Like, have you ever been caught up in some kind of love triangle and then you see the other dude and you’re both really angry so you get into a dance-fight and it’s so super-intense your eye makeup begins to run and you even need a tiny band-aid on your cheek and then, inexplicably, the object of your affection (who actually functions as a point of fantasmatic contact linking you to that other guy according to the gender-normative logic of homosocial rivalry) contracts a fatal disease and dies and then you and the rest of the band storm around the hospital corridor crying and shaking your fists? Me neither. But Big Bang has.
Remember that we’ve dropped Bourdieu and the reading assignment for Thursday is limited to Arundhati Roy’s “Capitalism: A Ghost Story.” Shades of Karl Marx! you might say. And that’s exactly right. The Manifesto begins with the famous assertion that “a spectre is haunting Europe” and Roy, who has spent time with Maoist guerrillas in the back country of India (see Walking with the Comrades) riffs on such metaphors.
We really need to nail down the Harvey and Hall articles, which more or less survey the same terrain, though “After Neoliberalism” is a political manifesto and A Brief History of Neoliberalism is a popular history of the last 30-odd years of capitalism. Try not to let yourself be intimidated by the language. You’ll run across terms that may not be familiar but we will definitely address any gaps in knowledge in class.
I really enjoyed the discussion about “Gee”. As we go more deeply into the (shallow?) pleasures of K-Pop those of you who have training (or a good ear) should never hesitate to draw the class’s attention to the music. And speaking of that, don’t forget to watch Channel 32-6 (or some cable equivalent) for an intermittent dose of Kpop.

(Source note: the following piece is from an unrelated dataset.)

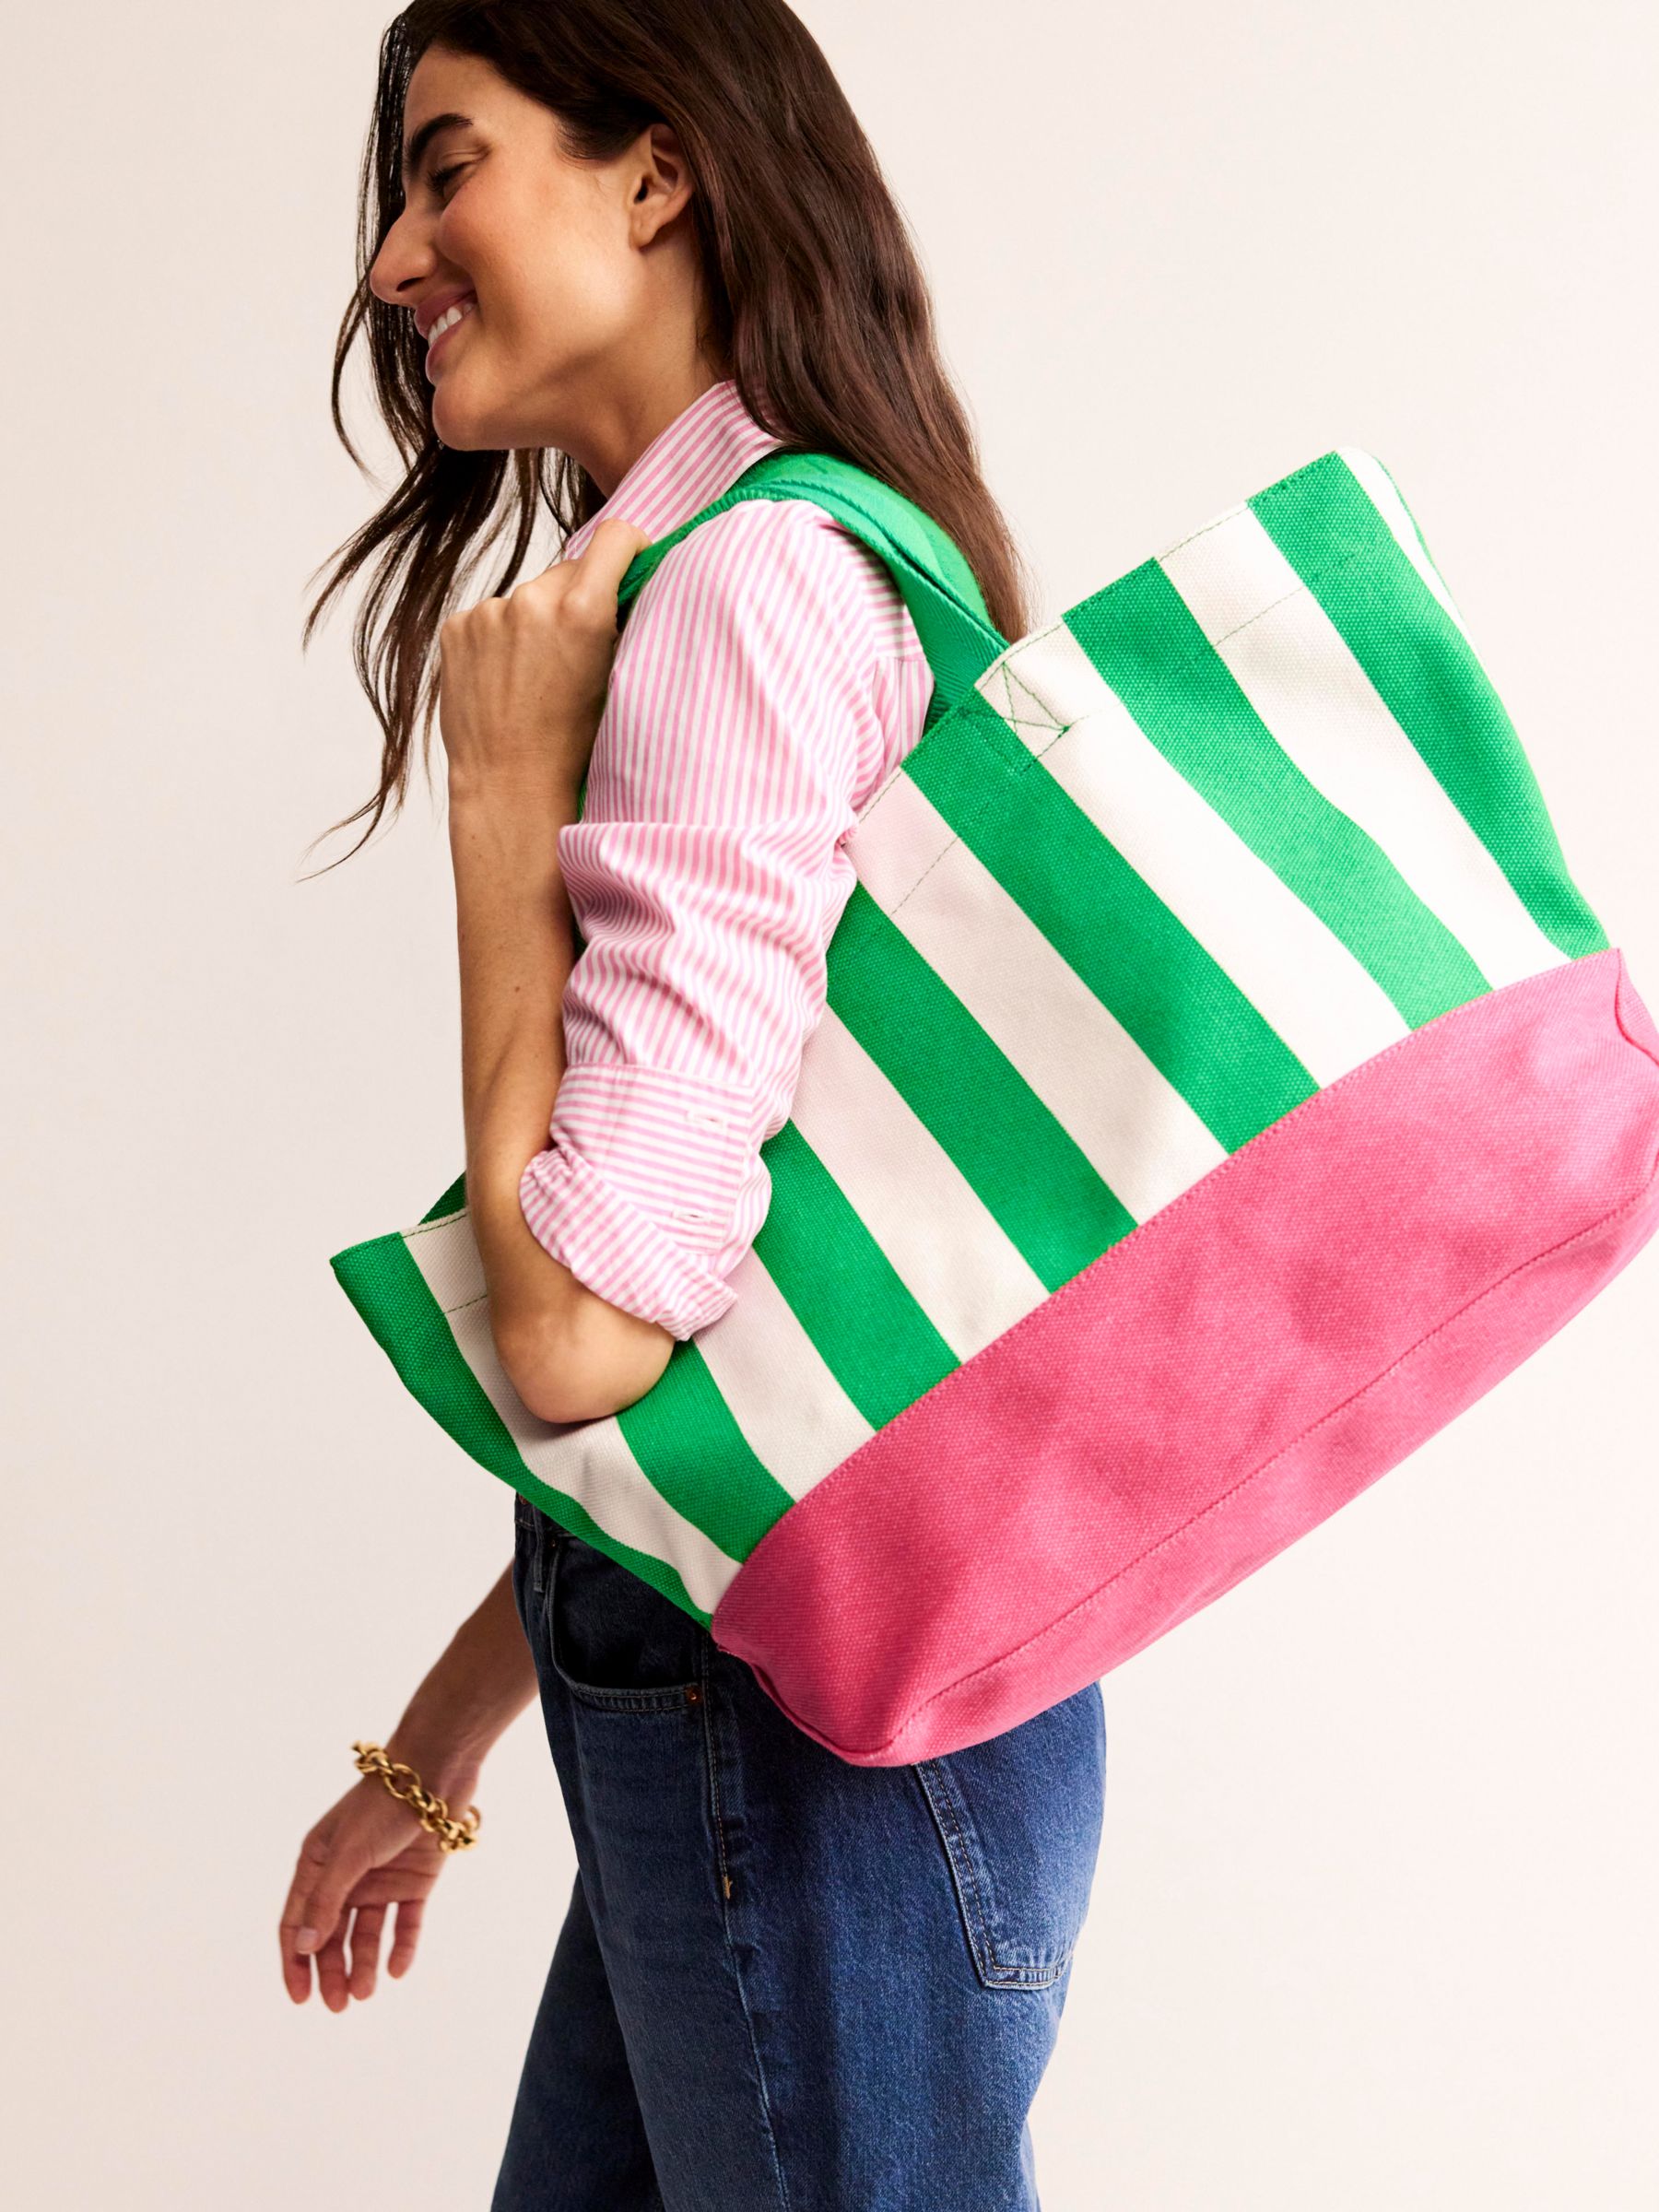 Boden Relaxed Canvas Stripe Tote Bag, Green/White/Pink, One Size

The cultural value of cuteness is referred to in Korean as aegyo. Look at this:
Above: an ad for a recent South Korean television series the title of which, it seems, translates to She is Wow! Obviously, Pelevin comes to mind (“Wow!Wow!Wow!”) but there’s also a Kpop connection here. A-Ra (Oh Hyun-Kyung)– an actress reaching middle age– has a blandly androgynous son named Min-Kyu (Jin Young, a member of B1A4) who has been expelled from school in the United States. This crisis adds to A-Ra’s existing difficulties: her career is suffering because of her age (she’s 43, which is, like, 89 in actress years) and she hasn’t had sex with her self-absorbed husband in a decade or more. Such professional and sexual frustration, then, is the main ingredient for a moderately amusing farce rife with visual and verbal innuendo, one which also showcases the instrumentalization of human relations and the rapacity of the pop culture industry. Watch the first episode and you’ll see what I mean.